Com dados do estado da Bahia, Almeida et al.22 indicaram que, nos casos notificados de março a setembro de 2020, 2.920 estiveram relacionados com o contágio no trabalho, com predominância no sexo feminino (64,5%), com faixa etária de 30 a 39 anos (39,9%). O setor da saúde foi o mais afetado em termos do quantitativo de profissionais infectados (37,1%), sendo que as categorias profissionais que mais se infectaram foram: técnicos e auxiliares de enfermagem (25,7%), seguidos por enfermeiros (13,3%), médicos (6,3%) e agentes comunitários de saúde (4,9%). Para as autoras, a maior frequência de casos de Covid-19 entre a força de trabalho feminina do setor de saúde decorre da divisão sexual do trabalho, que reserva às mulheres o trabalho mais direto no cuidado, quanto mais pobres e racializadas elas são. Bittencourt e Andrade23 chamaram a atenção para o fato de que esse trabalho, desempenhado na sua maioria por mulheres das classes populares, é desvalorizado e mal pago, e tem se precarizado cada vez mais nas últimas décadas, com o aumento de contratos temporários, perdas de direitos trabalhistas, sobrecarga das atividades, péssimas condições de trabalho, entre outros. Na pandemia, essa condição foi ainda mais agravada pela falta de equipamentos de proteção individual, pelo medo do contágio, preocupações com filhos e familiares, e as vivências diante da morte e o adoecimento de si e dos(as) colegas de profissão. Trata-se de um trabalho que não só exige do corpo, mas também das emoções. Bittencourt e Andrade23 utilizaram as contribuições dos estudos de gênero para analisar o trabalho do cuidado realizado pelas mulheres, especialmente em saúde, na sua dupla face: a esfera produtiva e a reprodutiva, enfatizando as especificidades do cuidado enquanto trabalho. Elas se utilizaram do conceito da divisão sexual do trabalho e, também, do trabalho de care, problematizando as desigualdades entre homens e mulheres e as condições às quais estão expostas as mulheres na saúde e, em especial, na pandemia da Covid-19.

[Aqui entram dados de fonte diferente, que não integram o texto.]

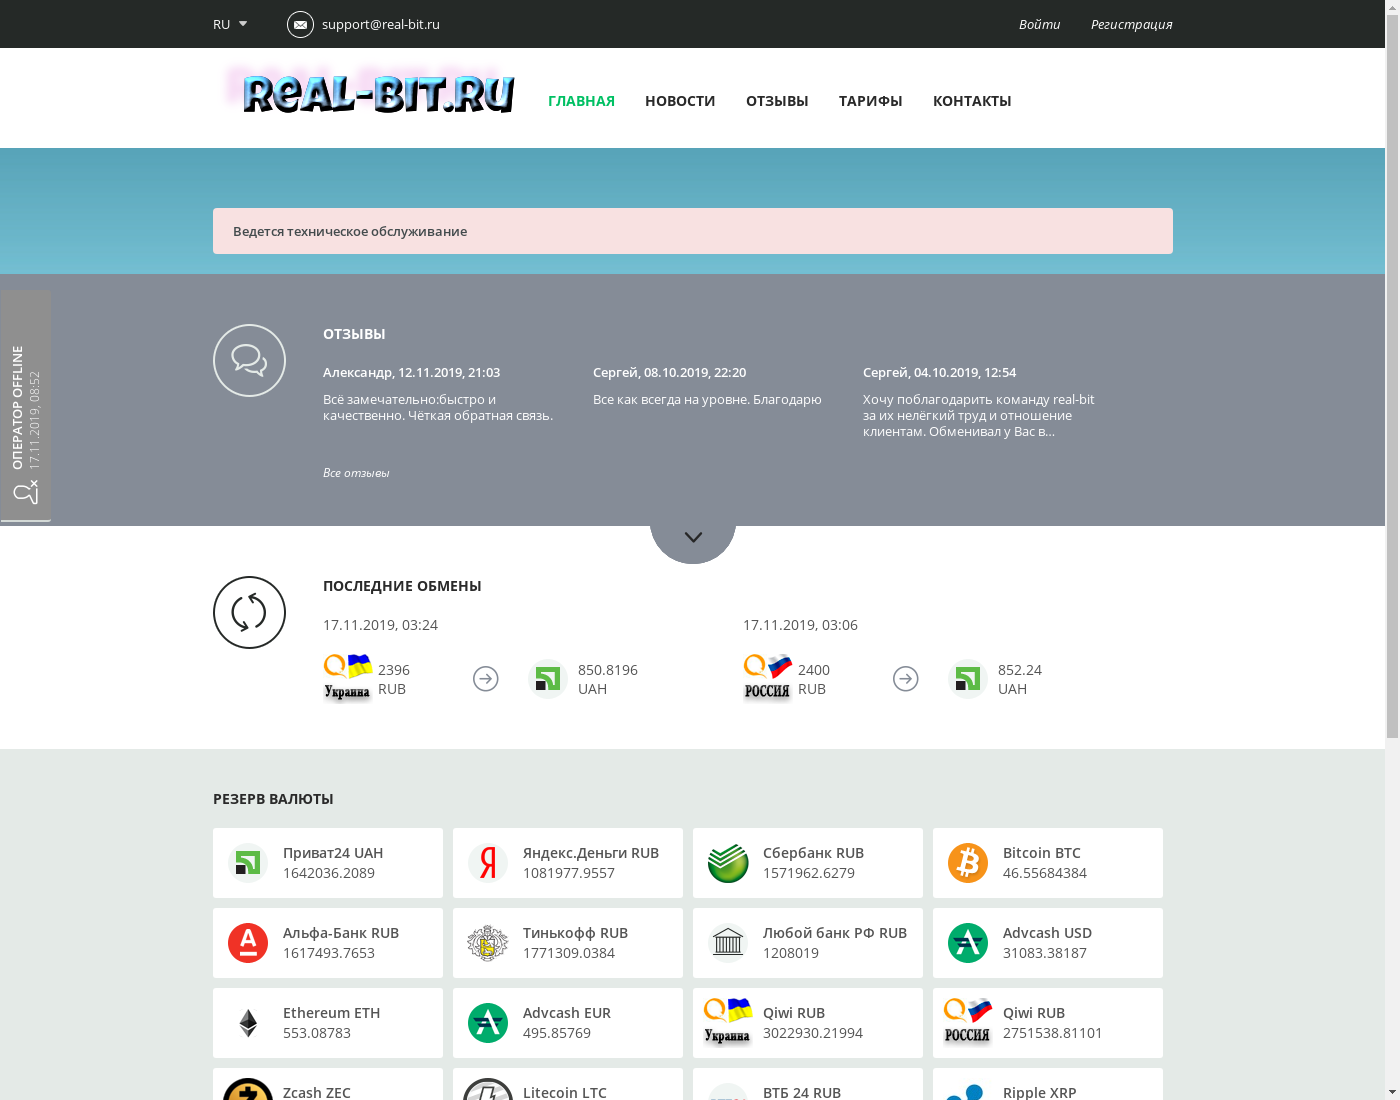 Real-Bit user interface: the home page in English

Por meio de conteúdos dos vídeos do YouTube, Carvalho et al.24 abordaram o protagonismo das enfermeiras na produção do cuidado durante a pandemia e a insegurança que elas enfrentam no exercício da profissão. Os autores apontaram a sobrecarga da função do cuidado na própria atividade profissional da enfermagem, historicamente submetida à precarização e à desvalorização na hierarquia do setor saúde.

Em comum, Carvalho et al.24 destacaram que, ao trabalho do cuidado remunerado, soma-se o trabalho doméstico, este invisível porque não é remunerado. Além do provimento econômico, as mulheres também são, na maioria das vezes, as cuidadoras primárias de crianças, idosos e enfermos de suas famílias e vizinhanças. Ao analisar a saúde das crianças que nasceram prematuras na pandemia, Silva et al.25 chamaram a atenção para a sobrecarga física e emocional das mães com os afazeres domésticos, a casa, a família, além dos próprios cuidados neonatais. Camarano26 mostra que idosas ficaram também mais propensas ao risco de contágio, ao desemprego e à sobrecarga doméstica na pandemia, pois permanecem responsáveis primárias pelo cuidado da família.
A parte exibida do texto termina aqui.